Just this week, the Chinese have forbidden the mixture of English words or acronyms into Mandarin sentences, and who can blame them for trusting their instincts and fearing our influence, linguistic or otherwise? From the Treaty of Nanjing (1842) to the Eight Nations Gathering (a.k.a. Boxer Rebellion of 1900) and beyond, colonialism and imperialism have been felt here, and perhaps are still at work in the form of the WTO and financial bubbles. In spite of a history of transgression by foreign devils, fair-skinned outsiders are given automatic social status by their Chinese hosts. The status we receive in the guest-host relationship is so great that agencies exist to employ us as temporary figureheads for imaginary companies in order to impress locals, who think their firm is somehow bolstered by its association with one that is foreign-owned or operated. Because of this questionable status, we are hired to speak in our native English for just a few minutes to uncomprehending Chinese audiences in order to give some mundane speech that will only be understood after the verbiage has been interpreted back into the Mandarin from whence it came. How do I know? There’s a CNN article and video news report to this effect, and I was also hired for this purpose one week ago.

A Chinese teacher in the university where I work earns a commission by referring people like me to an agency for light-skinned foreign speakers.
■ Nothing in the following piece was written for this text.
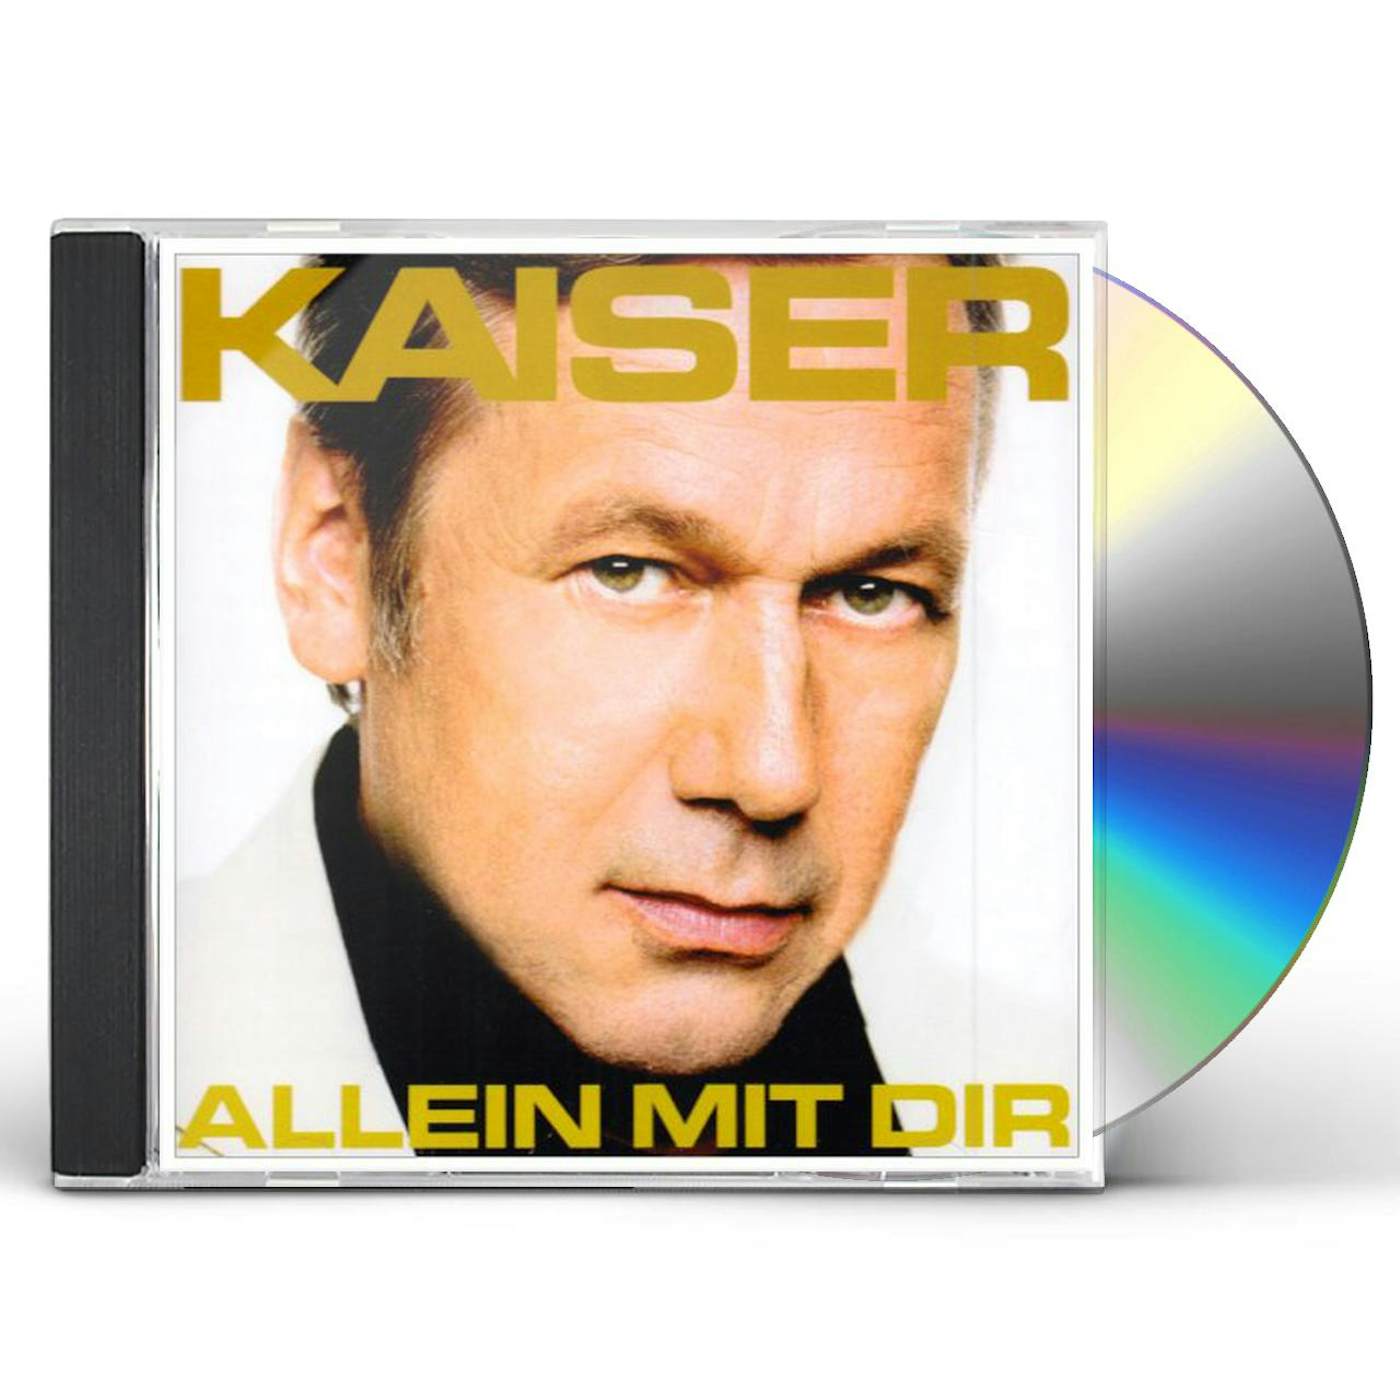 Roland Kaiser ALLEIN MIT DIR CD

She asked me to appear in my best suit and tie and give a one-minute speech to some unknown group of people in a hotel downtown. The money was good, I could leave after I spoke, and door-to-door transport would be provided from my apartment, so off I went. The place was completely decked out for a party and resembled a Chinese wedding. There were about 25 tables and each of their ten chairs was covered in a gilded, form-fitting fabric wrapper. There were gift bags, toys, trays full of peanuts and sunflower seeds, noise-makers, and lots of booze for each table. Balloons and waitresses were abundant and some extremely loud music was blaring non-stop to prevent any troublesome cogitation by those whose brains were not sufficiently lubricated by the strong-smelling rice wine. I was given a scrap of paper with a very short speech in English, my escort’s was written in Chinese, and it would take us less than a minute to alternately recite them. From my paper I learned that I was congratulating sales representatives of a cosmetics firm for being connected to companies from both Hong Kong and France. Double prestigiousness!!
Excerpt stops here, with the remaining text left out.